Server Alerts: a Step by Step Look Behind the Scenes9 Comments
Update: We hosted a live Hangout on Air with some members of Server Density engineering and operations teams, in which we discussed about the infrastructure described in this blog post. We’ve made the video available, which can be found embedded at the bottom of this blog post.
Alert processing is a key part of the server monitoring journey.
From triggering webhooks to sending emails and SMS, this is where all the magic happens. In this article we will explore what takes place in those crucial few milliseconds, from agent data landing on our servers to the final alert appearing on your device.
But before we dive into the inner workings of alerting, we’d go amiss if we didn’t touch on the underlying technology that makes it all possible.
We’re all about Python
At its core, Server Density is a Python company.
Having an experienced Python team is only a part of it. For every performance problem we’ve faced in our infrastructure over the years, we’ve always managed to find a Python way to solve it.
There is so much to like about Python.
We love its syntax and the way it forces us to write readable code. By following the PEP-8 spec we ensure the code is easy to read and maintain. We also appreciate Python’s industry-leading unit testing capabilities, as they offer invaluable gains to our coding efforts. And while we don’t expect 100% testing coverage, we strive to be as close as we can. Python offers some simple and scalable functionalities towards that.

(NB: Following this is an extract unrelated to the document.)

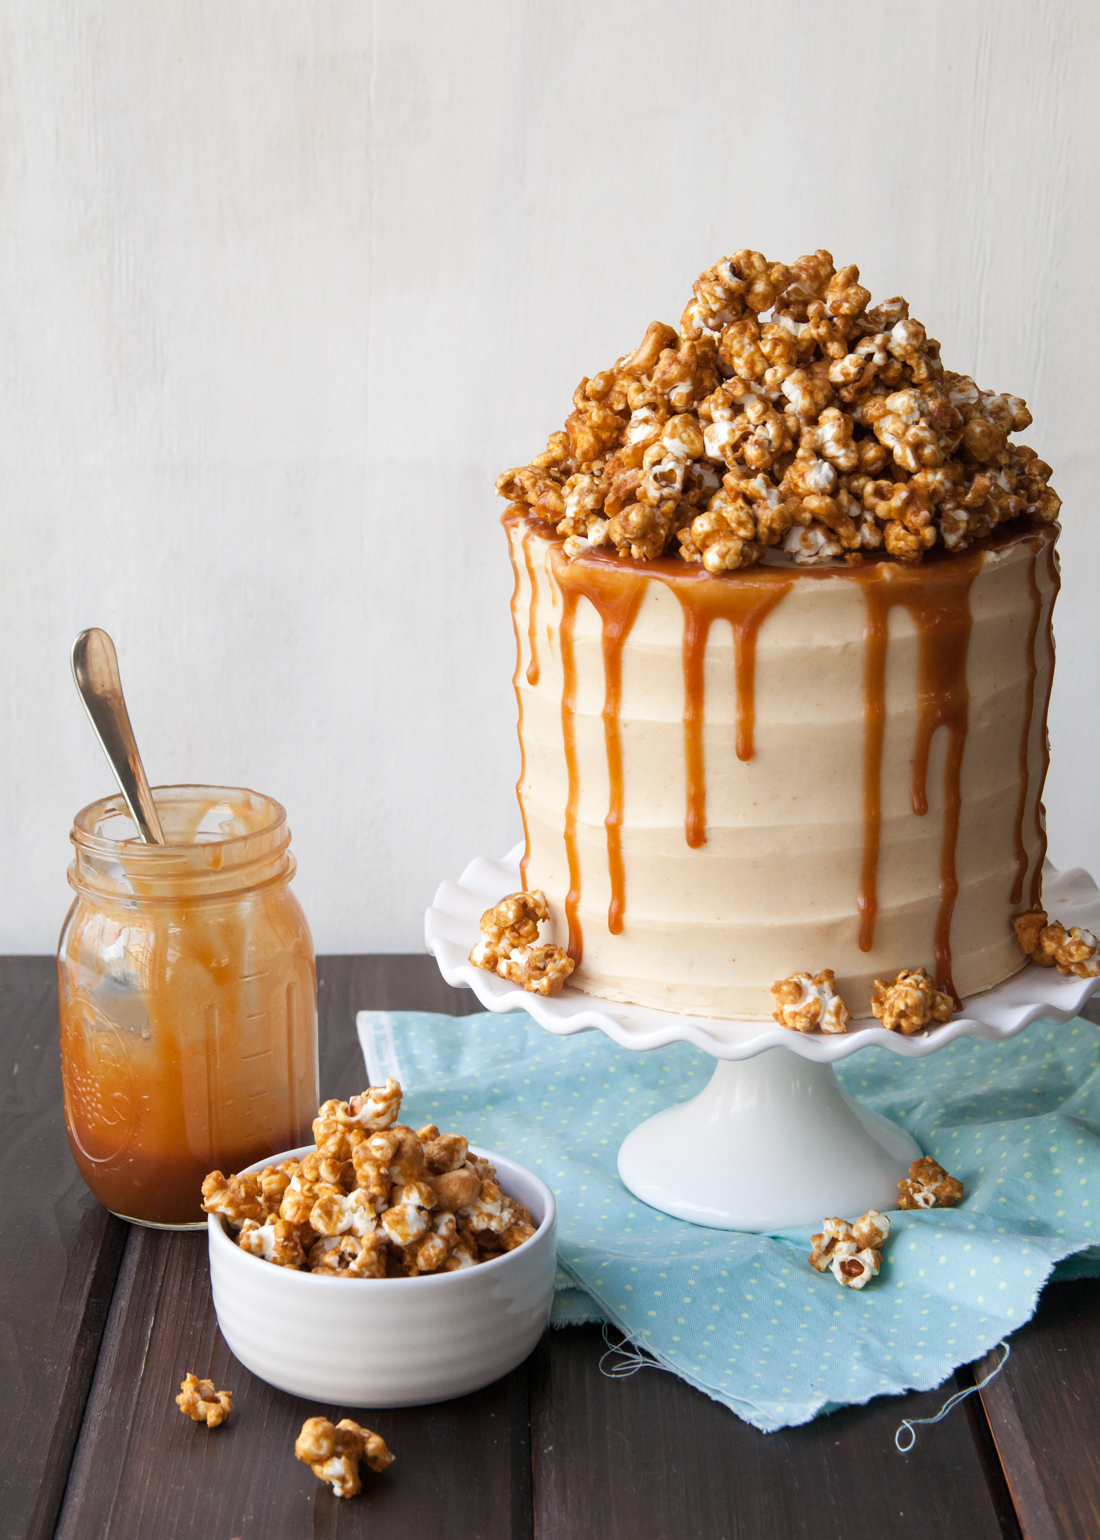 Caramel Popcorn Cake Recipe with brown butter cake and peanut butter frosting.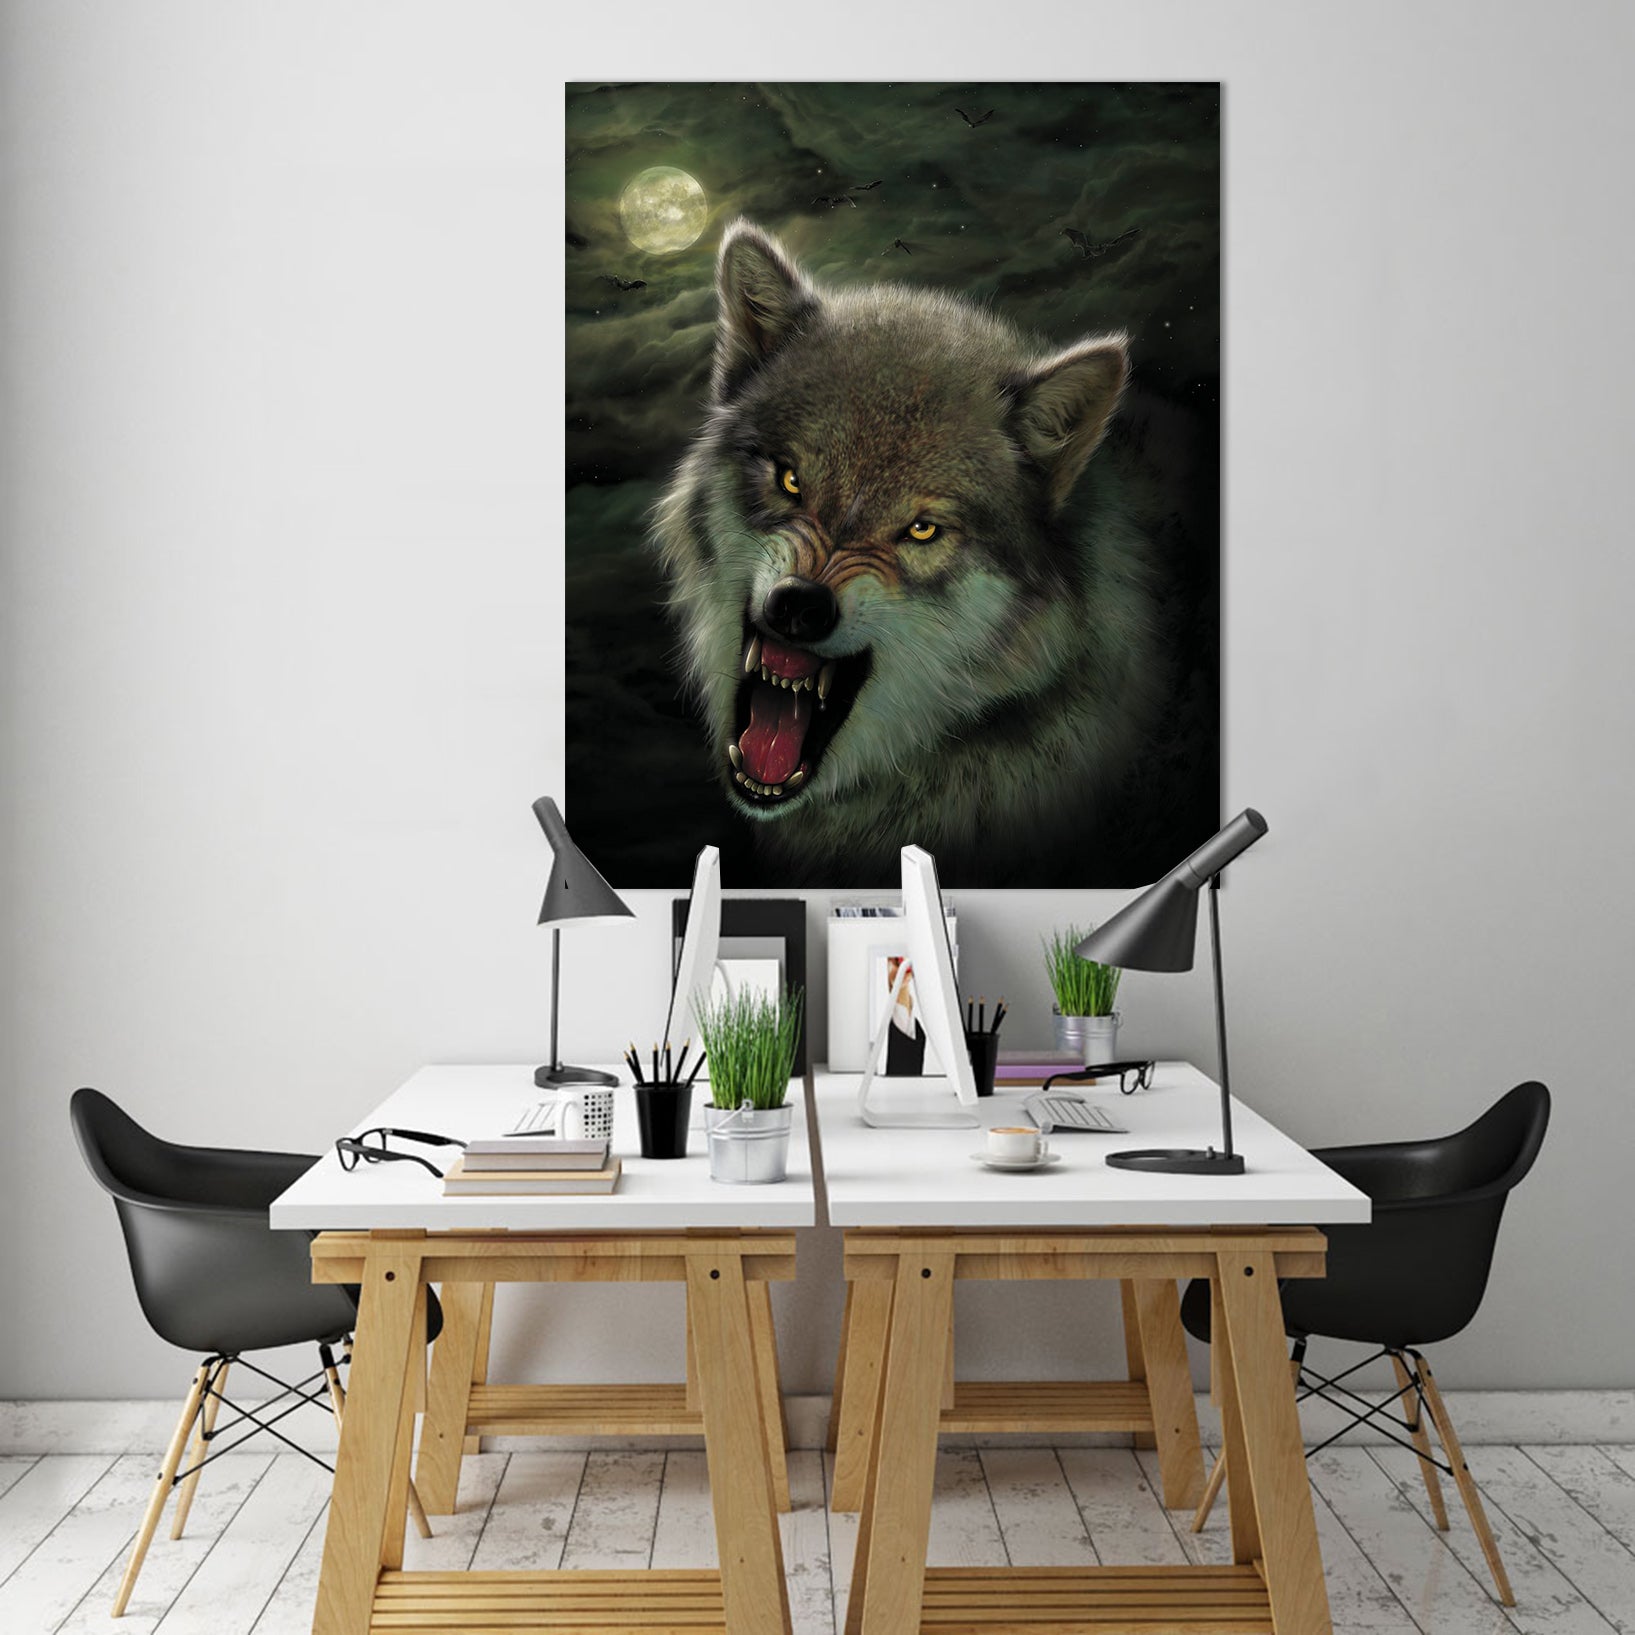 3D Nightbreed 056 Vincent Hie Wall Sticker

Another key feature is simplicity. From prototyping testing scripts to proof of concept APIs, Python provides numerous small wins and speeds up our workflow. Testing new ideas and trying new approaches is much quicker with Python, compared to other languages.
Last but not least, Python comes with “batteries included”. The vast amount of available modules (they do everything you can imagine), make Python a truly compelling platform for us.
Our server alerts stack
As you can see, our stack is not 100% Python. That said, all our backend developments are Python based. Here is a comprehensive list of the technologies we use:
- Apache Kafka to queue payloads received.
- Apache Storm as the real time processing queue.
- Zookeeper as the cluster communication system.
- MongoDB as the database.
- Python to handle the processing logic.
- PyMongo to access the Mongo database.
- Kazoo to access Zookeeper.
- Kafka-python to implement the Kafka producer.
- Tornado as the webserver to receive the payloads from the sd-agent.
- Python-statsd to track the performance of the whole system.
Now, let’s take a behind-the-scenes look at the alerts processing workflow.
1.Entering the Server Density Network
The agent only ever sends data over HTTPS which means no special protocols or firewall rules are used. It also means the data is encrypted in transit.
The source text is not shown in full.